:: RECORDED INFORMATION ::
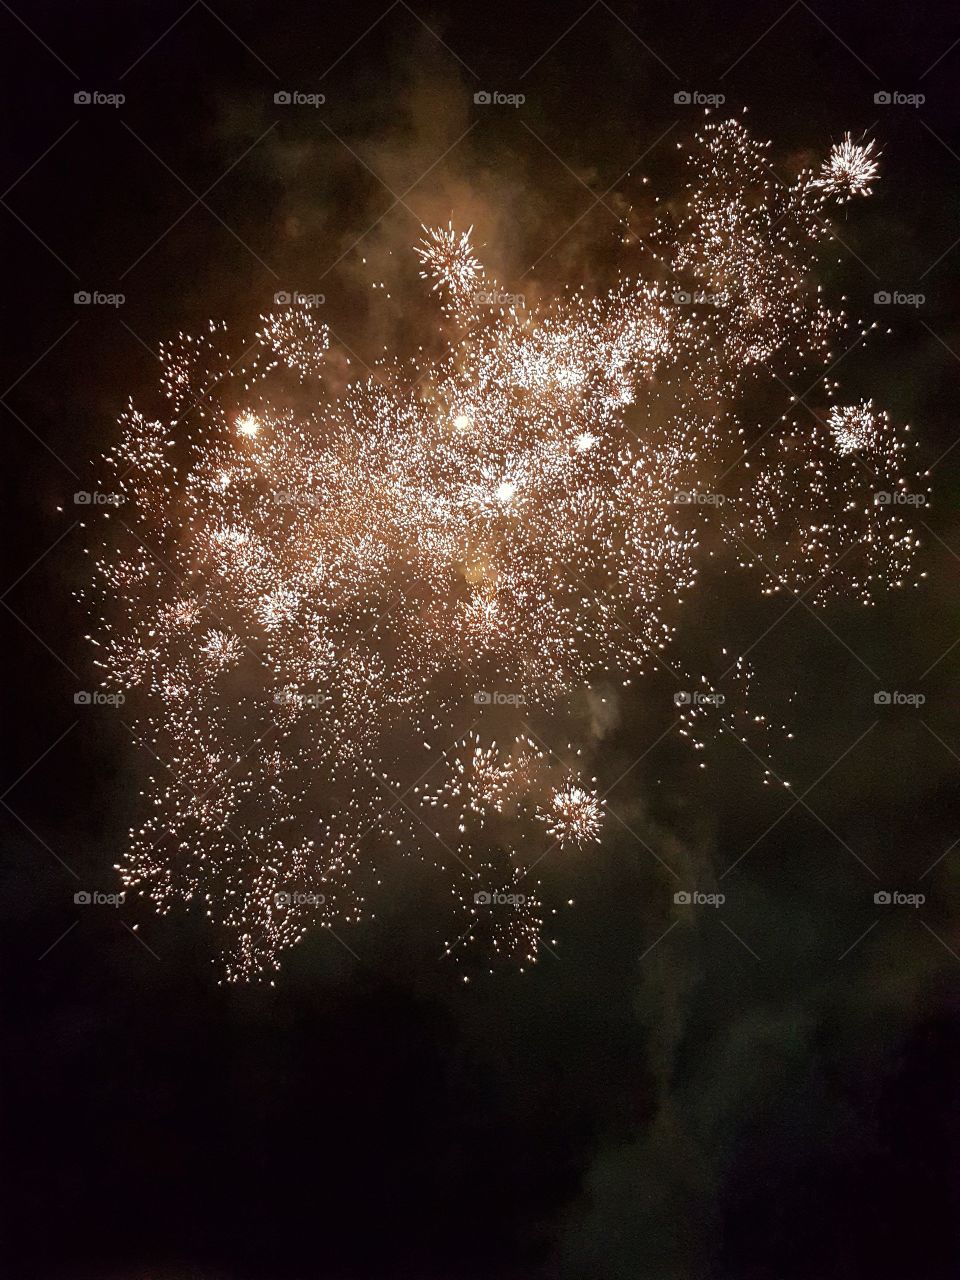 Fireworks, Nowy Konik
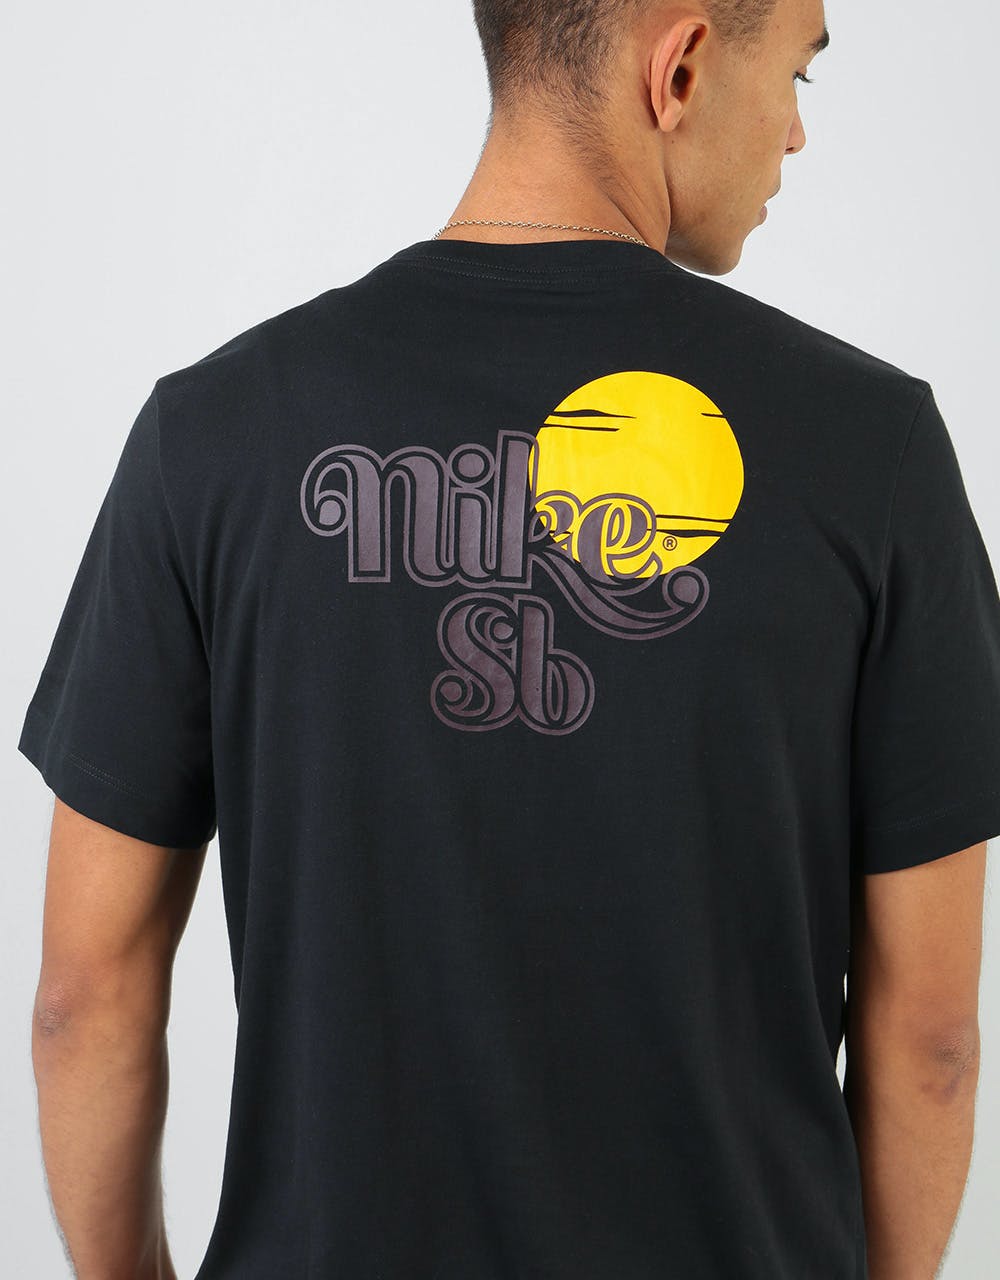 Nike SB Sunrise T-Shirt - Black/Mahogany
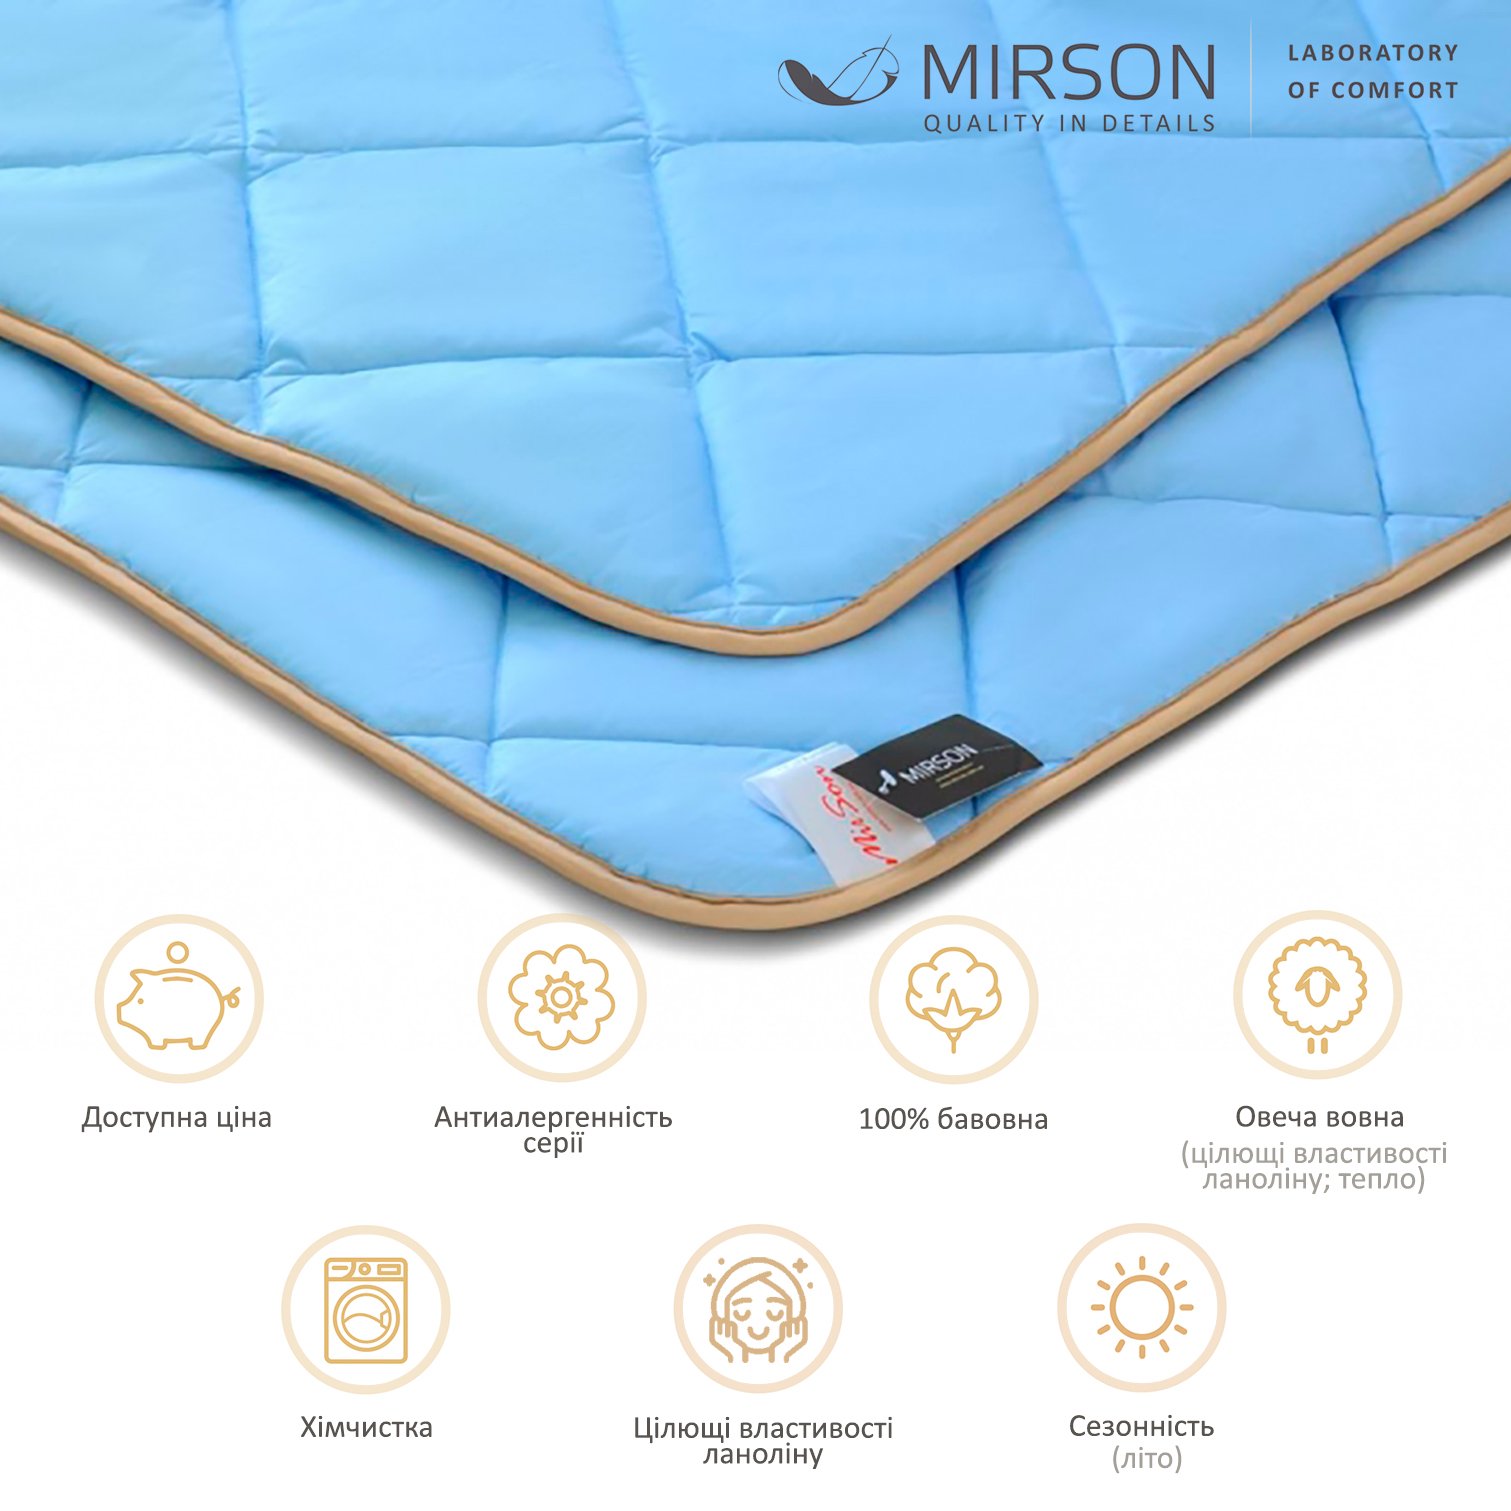 Одеяло шерстяное MirSon Valentino № 0336, летнее, 200x220 см, голубое - фото 5

:: WHAT YOU SHOULD DO ::
The result should be the same data as above, line for line, with the pictures gone.

:: OUTPUT OF THE TASK ::
 Fireworks, Nowy Konik
 Nike SB Sunrise T-Shirt - Black/Mahogany
 Одеяло шерстяное MirSon Valentino № 0336, летнее, 200x220 см, голубое - фото 5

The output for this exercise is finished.